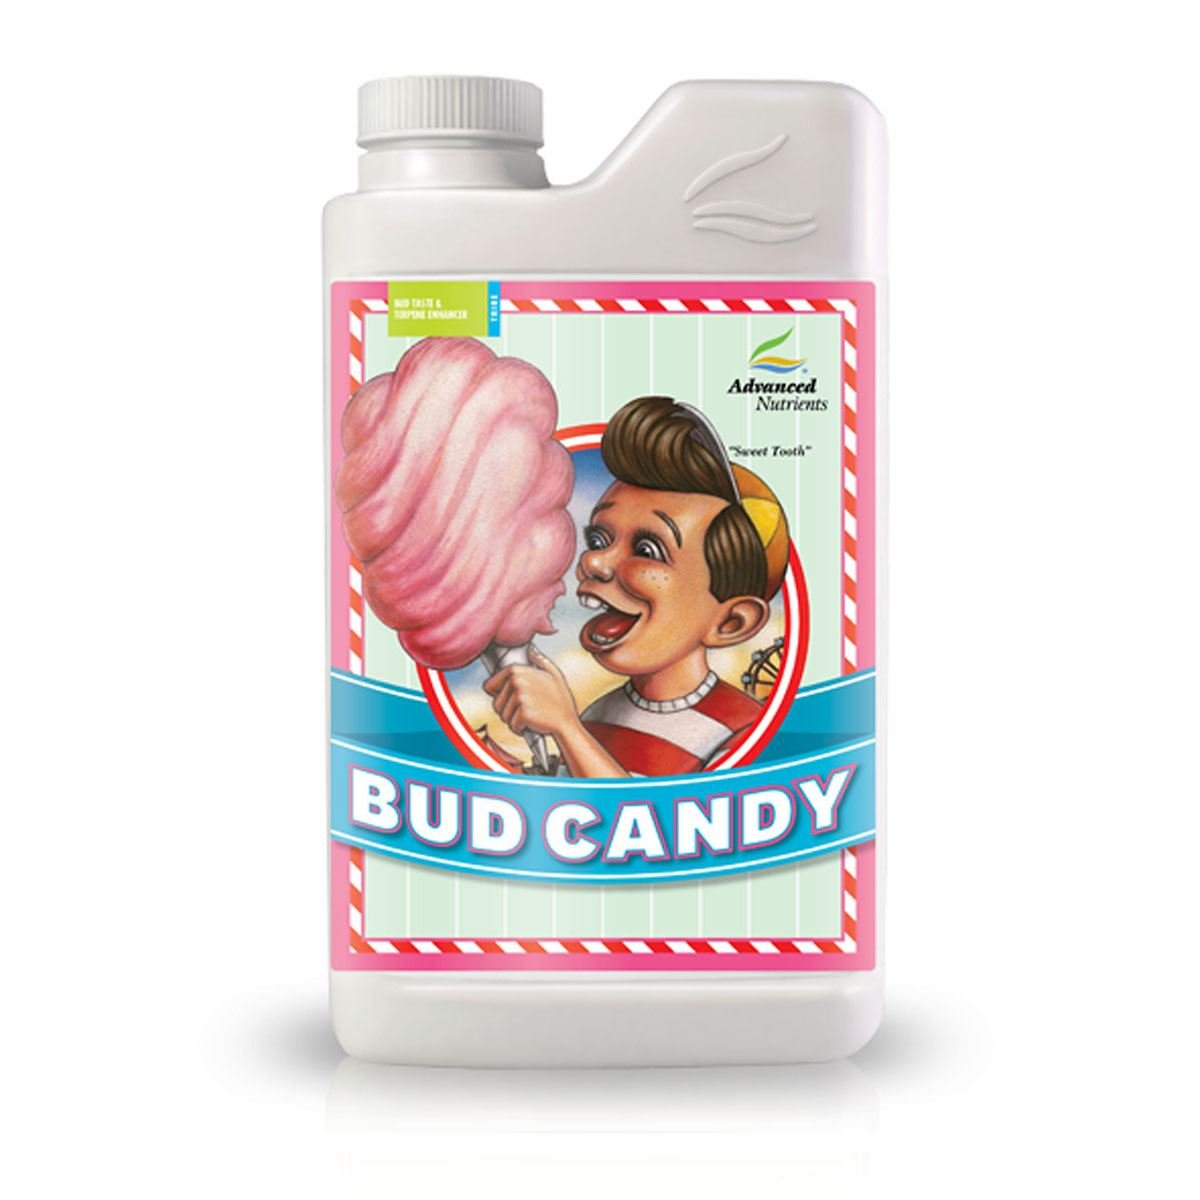 Bud Candy Advanced
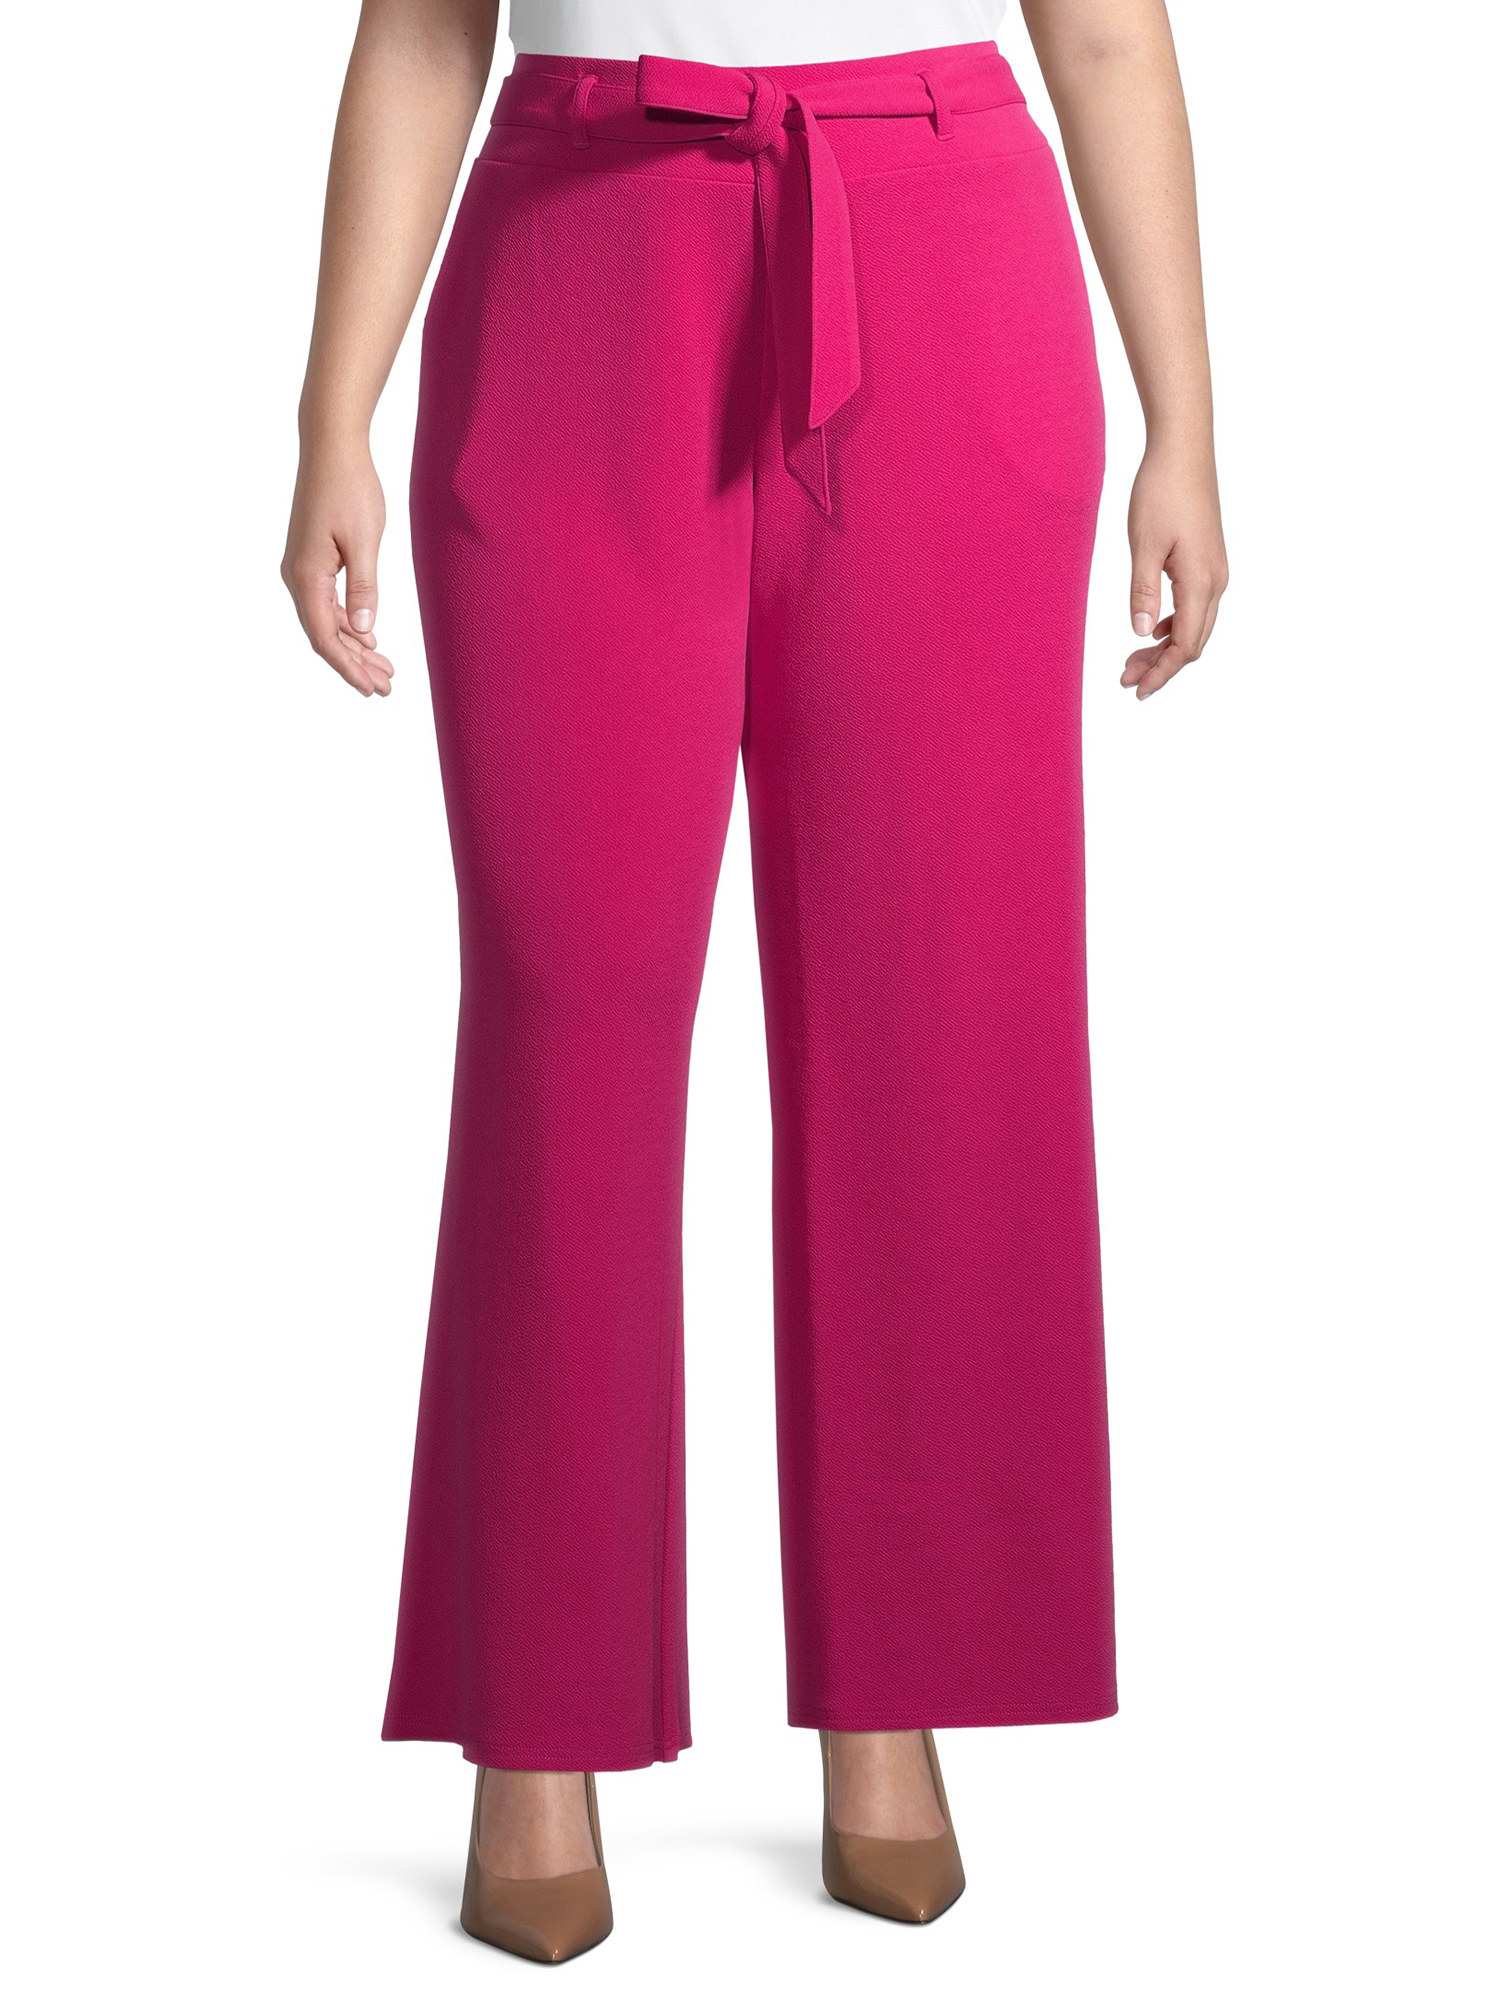 Model wearing bright pink wide-legged pants
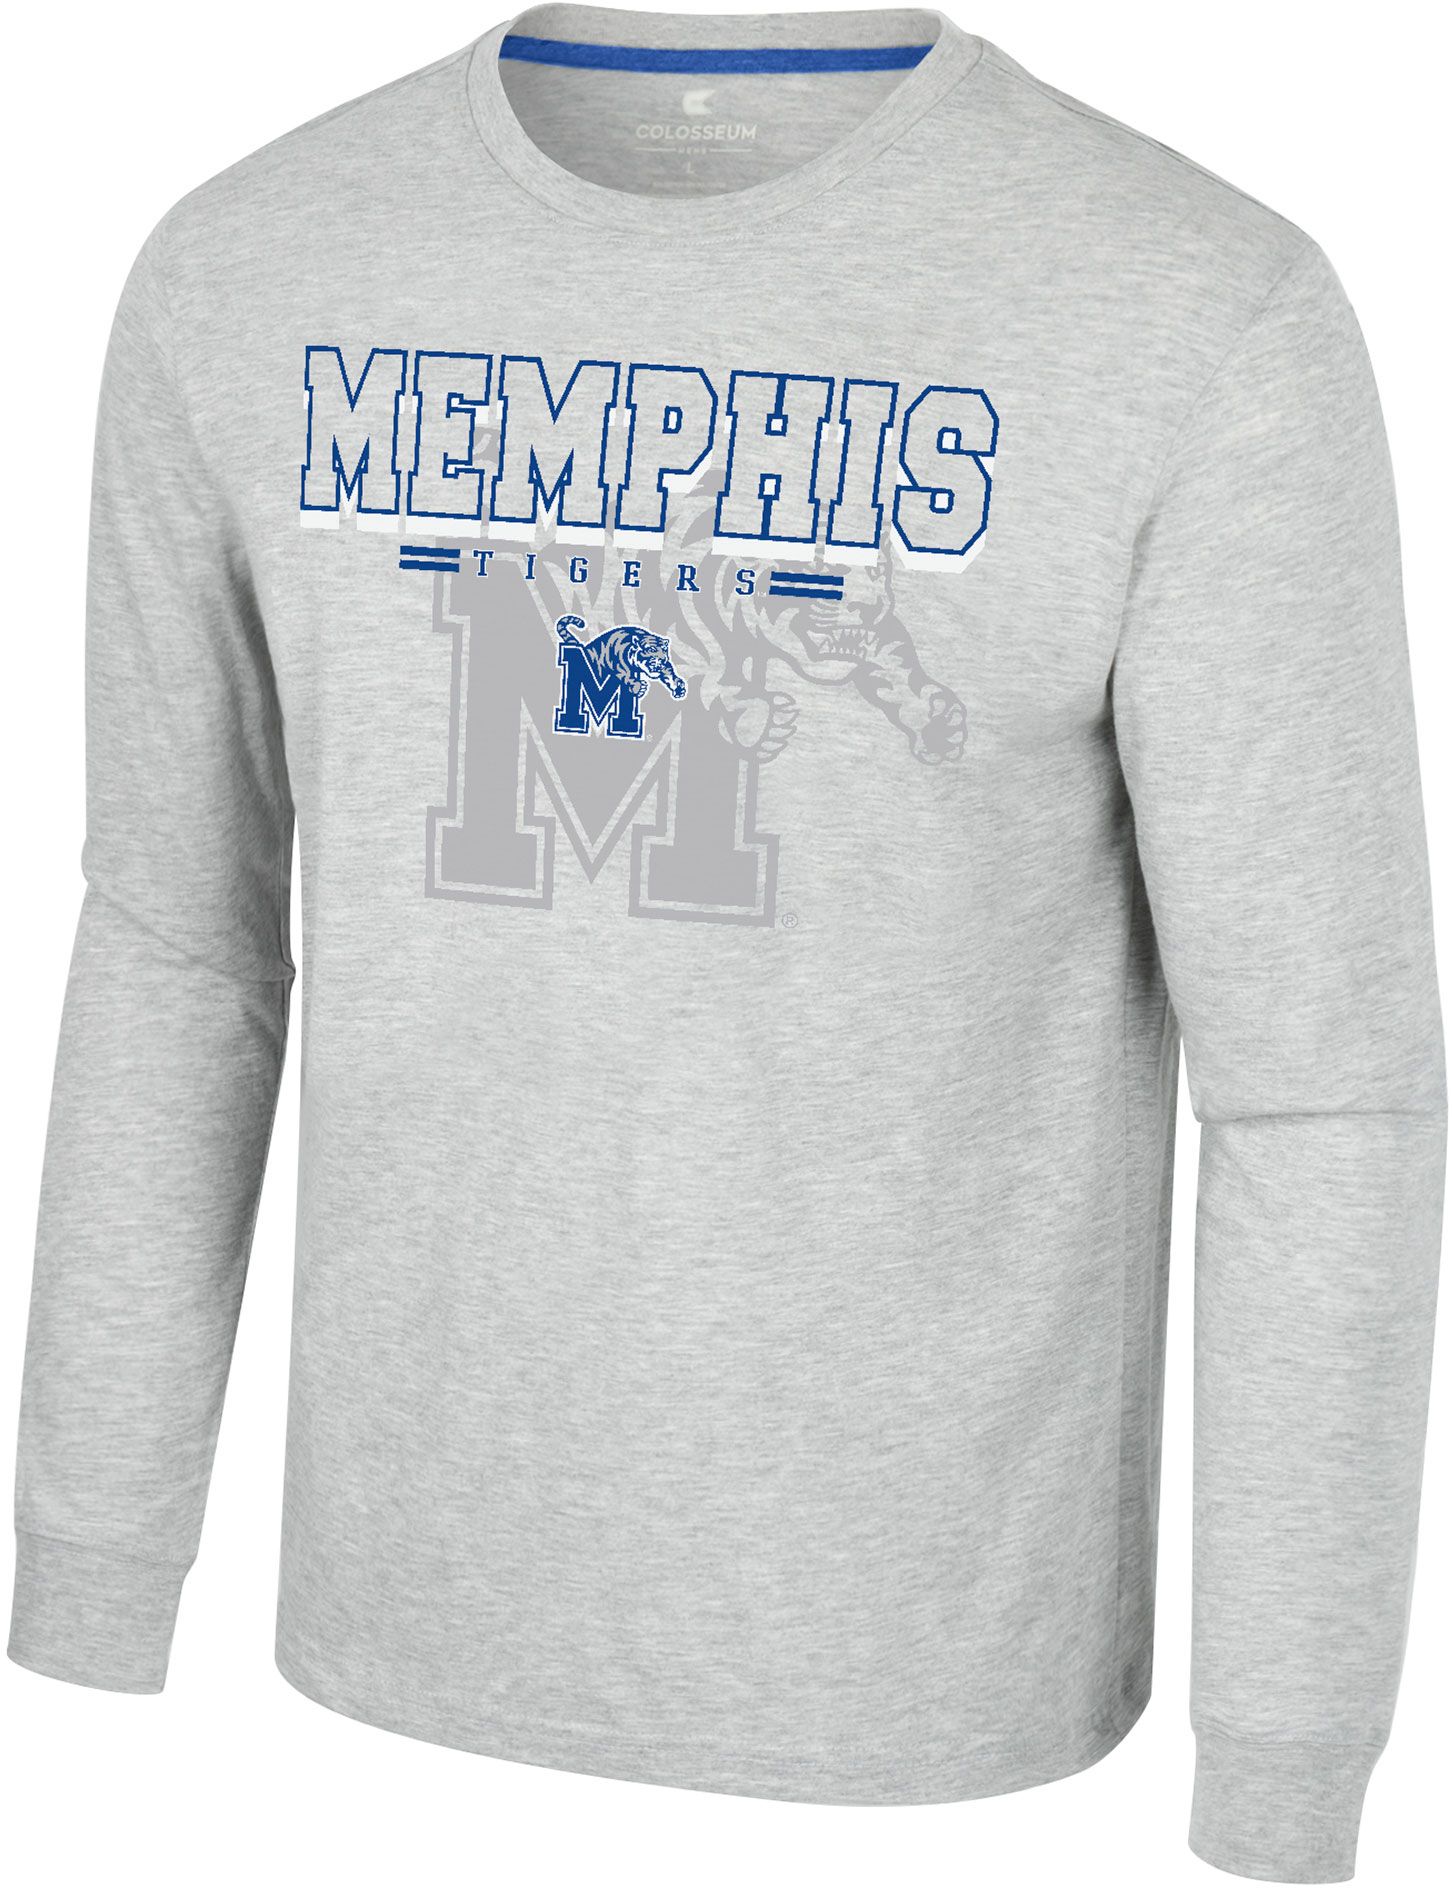 Nike Men's Memphis Tigers Penny Hardaway #25 Blue Replica Basketball Jersey
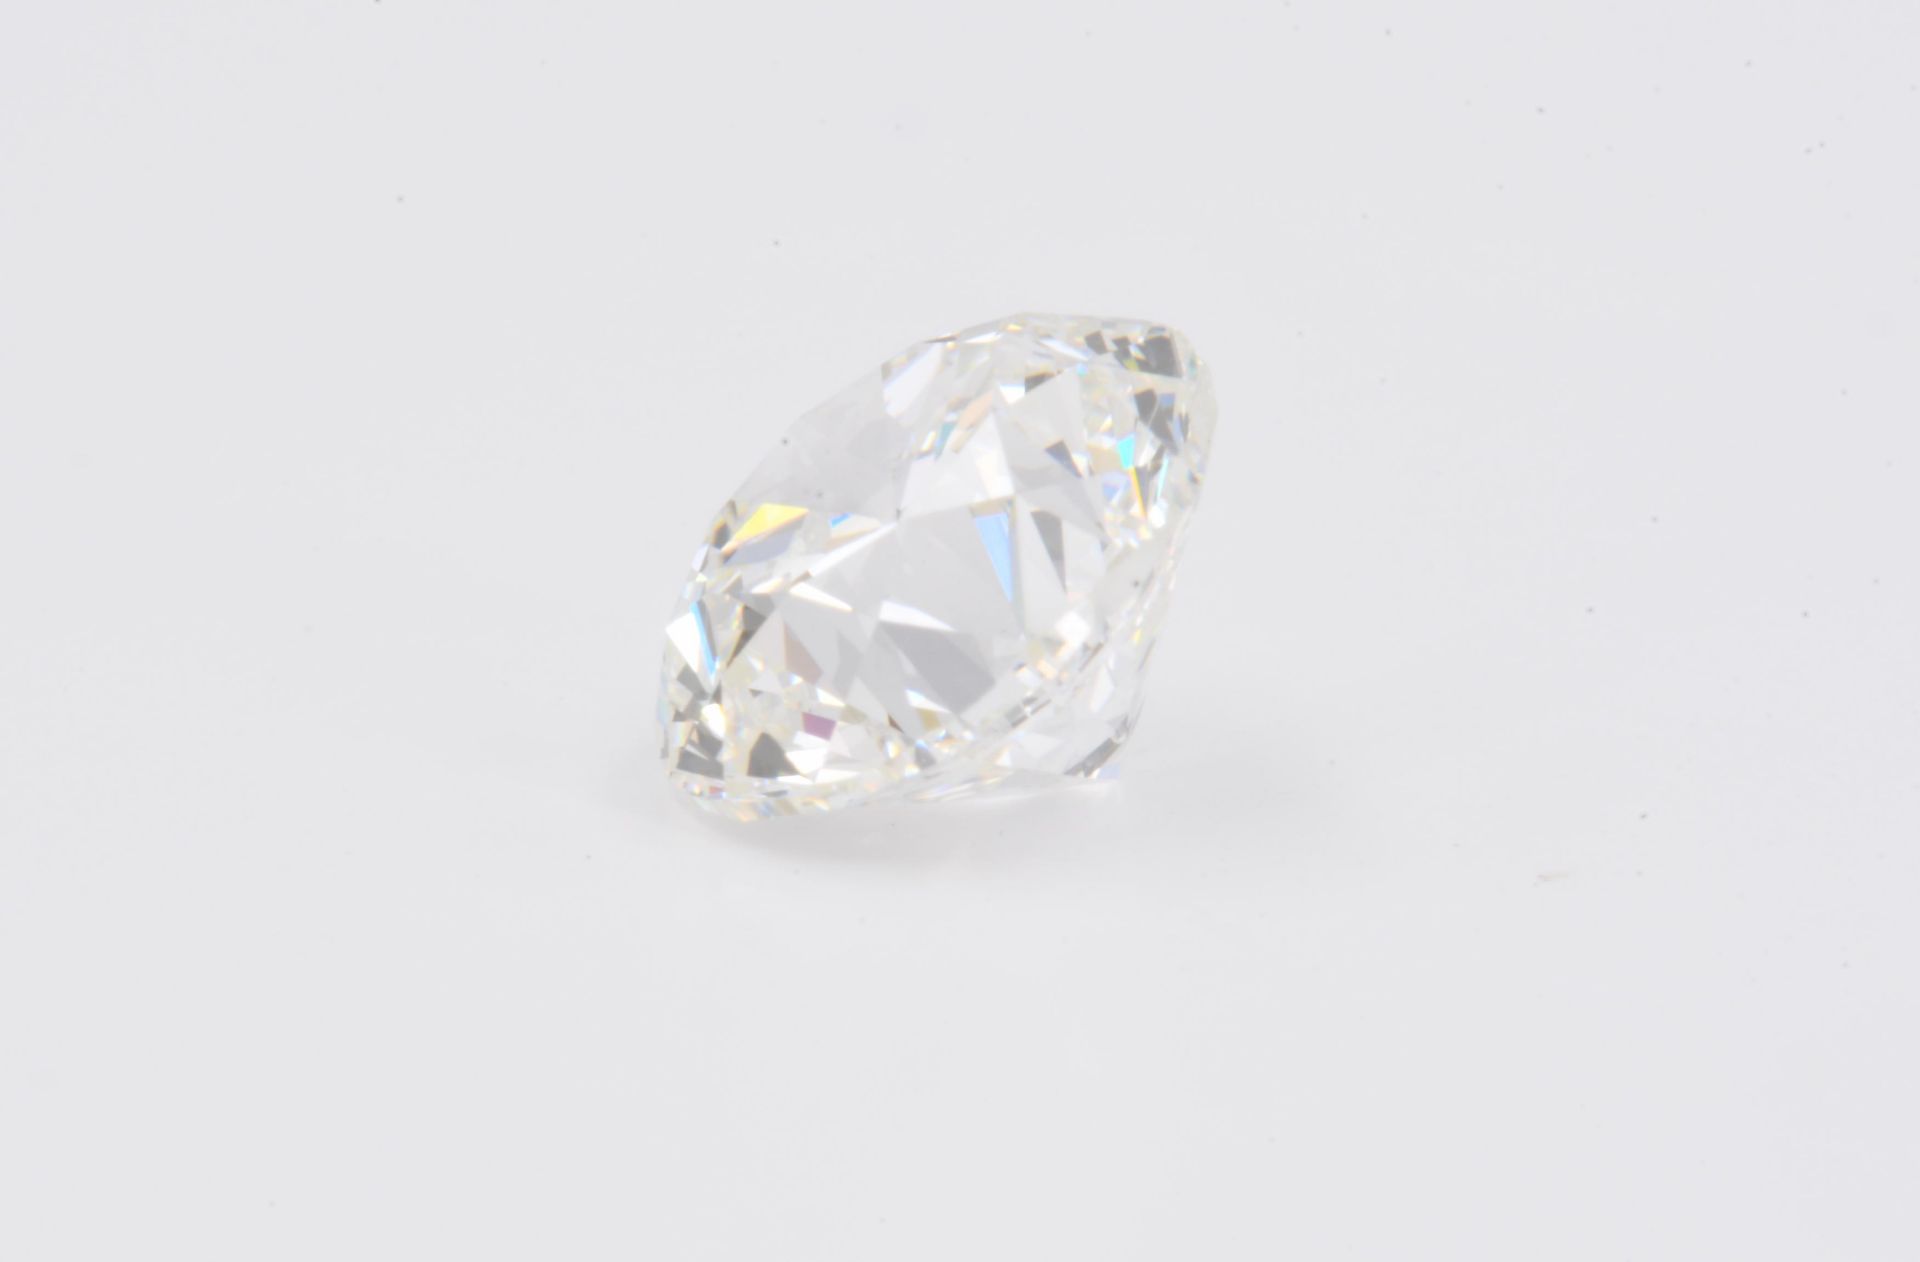 Unmounted Brilliant-cut Diamond - Image 3 of 4

+++

• **What to work on**: Print the data word for word and omit the pictures.

• **Written answer**:
 Bud Candy Advanced
 Model wearing bright pink wide-legged pants
 Nike Men's Memphis Tigers Penny Hardaway #25 Blue Replica Basketball Jersey
 Unmounted Brilliant-cut Diamond - Image 3 of 4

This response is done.